Aaron Wudrick, domestic policy director at the Macdonald-Laurier Institute, also supports immediate tax reform, as he feels it is one of the best ways to protect a sluggish Canadian economy.

He argues that the any reform to the current system needs to be based on two things – competitiveness and neutrality.  A competitive tax code is one that maintains low marginal tax rates - countries with lower tax rates on investments will attract more capital, leading to accelerated economic growth.

High tax rates drive investment away. He has pointed out that research from the OECD reinforces the idea that corporate taxes have the most negative impact on economic growth, with personal income taxes and consumption taxes being somewhat less harmful.

A neutral tax code aims to generate the most revenue with minimal economic distortions. As tax systems become more complex, as Canada’s has, they become less neutral. Wudrick argues that a competitive, neutral and simple tax code can nurture sustainable economic growth and investment while simultaneously funding essential government priorities.

As in the US, recruitment drove Canadian M&A activity in 2023. Large firms are acquiring talent by acquiring smaller firms, while smaller firms are trying to do the same thing at their level.  “Larger and regional firms getting larger,” said Fazarri. “Smaller firms like ours with about 35 people are getting fewer and fewer.”

Dealmaking in Canada will pick up this year as private equity funds look to deploy capital, family-owned businesses look to find new partners and economic pressures begin to ease, says KPMG Canada.

According to KPMG, M&A activity slowed down in 2023 as high interest rates dented confidence. Interest rates are starting to come down, but the company predicted that one of the biggest drivers this year will be private equity activity. Neil Blair, president of KPMG Corporate Finance, claims that a combination of a slower pace of portfolio company exits and a slower rate of capital deployment in 2023 in the private equity world will drive activity in 2024. Private equity funds continue to sit on record amounts of capital and are under increasing pressure to return capital to investors through the sale of portfolio companies.

Blair predicts that private equity funds and corporates will be looking for opportunities in the middle market in particular, as an increasing number of business owners retire.

ESG has become a big focus for the Canadian government over the last year, opening a new market for local accounting firms.
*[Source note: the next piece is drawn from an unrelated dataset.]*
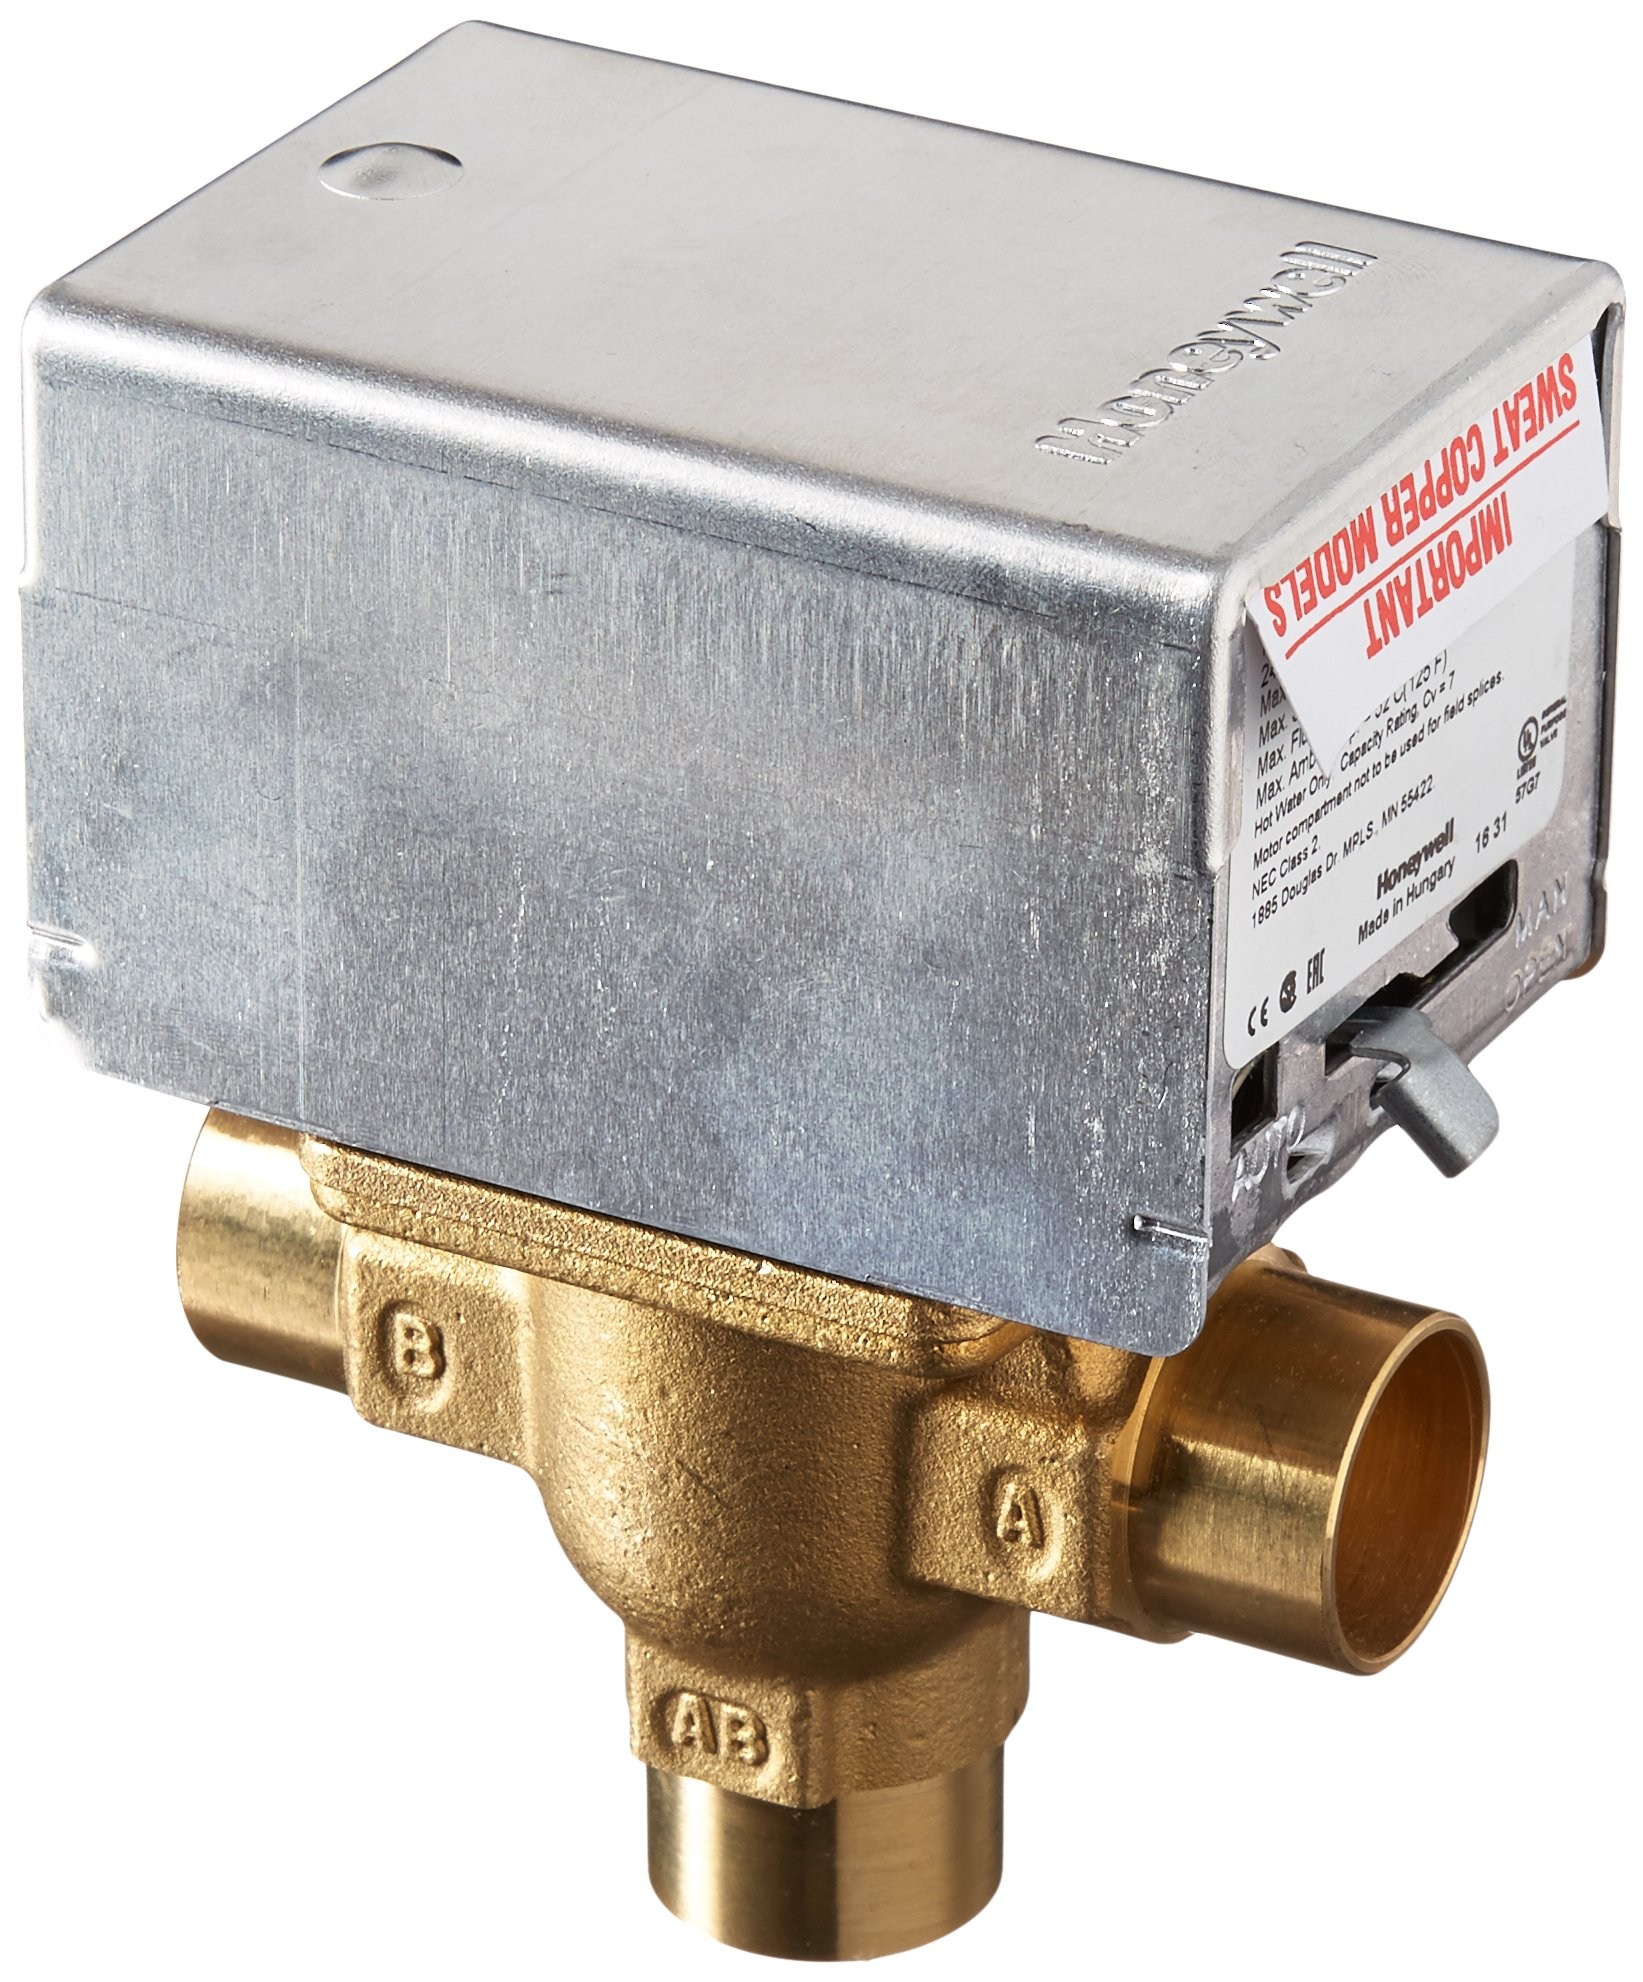 Honeywell V8044A1044 Electric Zone Valve

In March 2023, the Sustainable Finance Action Council (SFAC) in the Department of Finance Canda released its Taxonomy Roadmap Report, featuring a framework to establish standardised definitions of climate-compatible investments, similar to the EU Taxonomy on Sustainable Activities. The Canadian Green and Transition Financial Taxonomy framework, backed by Canada’s 25 largest financial institutions, is being designed to help align capital flows and investments with Canada’s climate targets.

Climate investment has become a matter of urgency for Canada. According to the Department of Finance, Canada needs to scale up climate investment rapidly to achieve a net-zero economy by 2050. By some estimates, Canada’s climate investment gap is as high as CA 115 billion annually.

Canada's CSA (Canadian Standards Association) plans to start requiring ESG reporting and climate disclosures from large Canadian banks, insurance companies, and federally regulated financial institutions in 2024. Canadian listed companies also need to comply with certain ESG-related provisions, such as gender diversity disclosure related to board composition.

From 2024 onward, eligible banks, insurance companies, and federally regulated financial institutions will need to provide ESG disclosures on their climate-related risk.

While demand is good for now, Canada seems to be at a crossroads. It is going to take a lot of effort to keep the country on track for growth – now is not a good time for its accountants to be divided.